Step 1: Understanding the Question:
The problem asks for the time an electron takes to fall from rest through a specific distance in a uniform electric field. This is a kinematics problem where the acceleration is provided by the electric force.
Step 2: Key Formula or Approach:
1. Electric force: \( F = qE \)
2. Newton's second law: \( F = ma \Rightarrow a = \frac{qE}{m} \)
3. Kinematics equation for constant acceleration (from rest): \( s = \frac{1}{2}at^2 \Rightarrow t = \sqrt{\frac{2s}{a}} \)
Step 3: Detailed Explanation:
Given values:
\( s = 1.5 \text{ cm} = 0.015 \text{ m} \)
\( E = 2.0 \times 10^4 \text{ N/C} \)
\( e = 1.6 \times 10^{-19} \text{ C} \)
\( m_e = 9.11 \times 10^{-31} \text{ kg} \)
First, calculate the acceleration (\( a \)):
\[ a = \frac{eE}{m_e} = \frac{(1.6 \times 10^{-19}) \times (2.0 \times 10^4)}{9.11 \times 10^{-31}} \]
\[ a = \frac{3.2 \times 10^{-15}}{9.11 \times 10^{-31}} \approx 3.51 \times 10^{15} \text{ m/s}^2 \]

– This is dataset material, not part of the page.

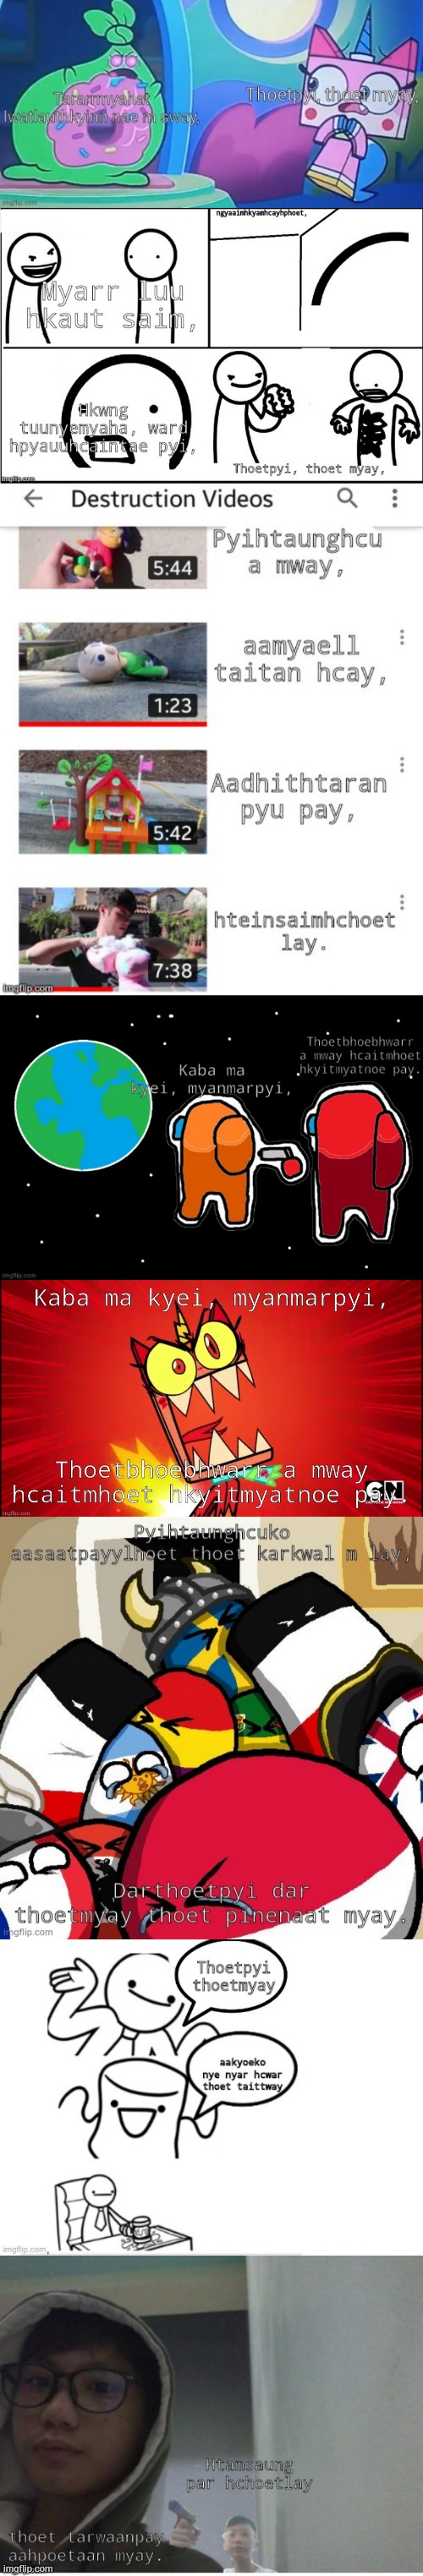 National anthem of myanmar kaba ma kyei with meme lyrics | image tagged in kaba ma kyei,myanmar,song lyrics,national anthem,asean | made w/ Imgflip meme maker

Now, find the time (\( t \)):
\[ t = \sqrt{\frac{2 \times 0.015}{3.51 \times 10^{15}}} \]
\[ t = \sqrt{\frac{0.03}{3.51 \times 10^{15}}} \approx \sqrt{0.00854 \times 10^{-15}} \]
\[ t = \sqrt{8.54 \times 10^{-18}} \approx 2.92 \times 10^{-9} \text{ s} \]
Step 4: Final Answer:
The time taken is approximately 2.9 \(\times\) 10\(^{-9}\) seconds.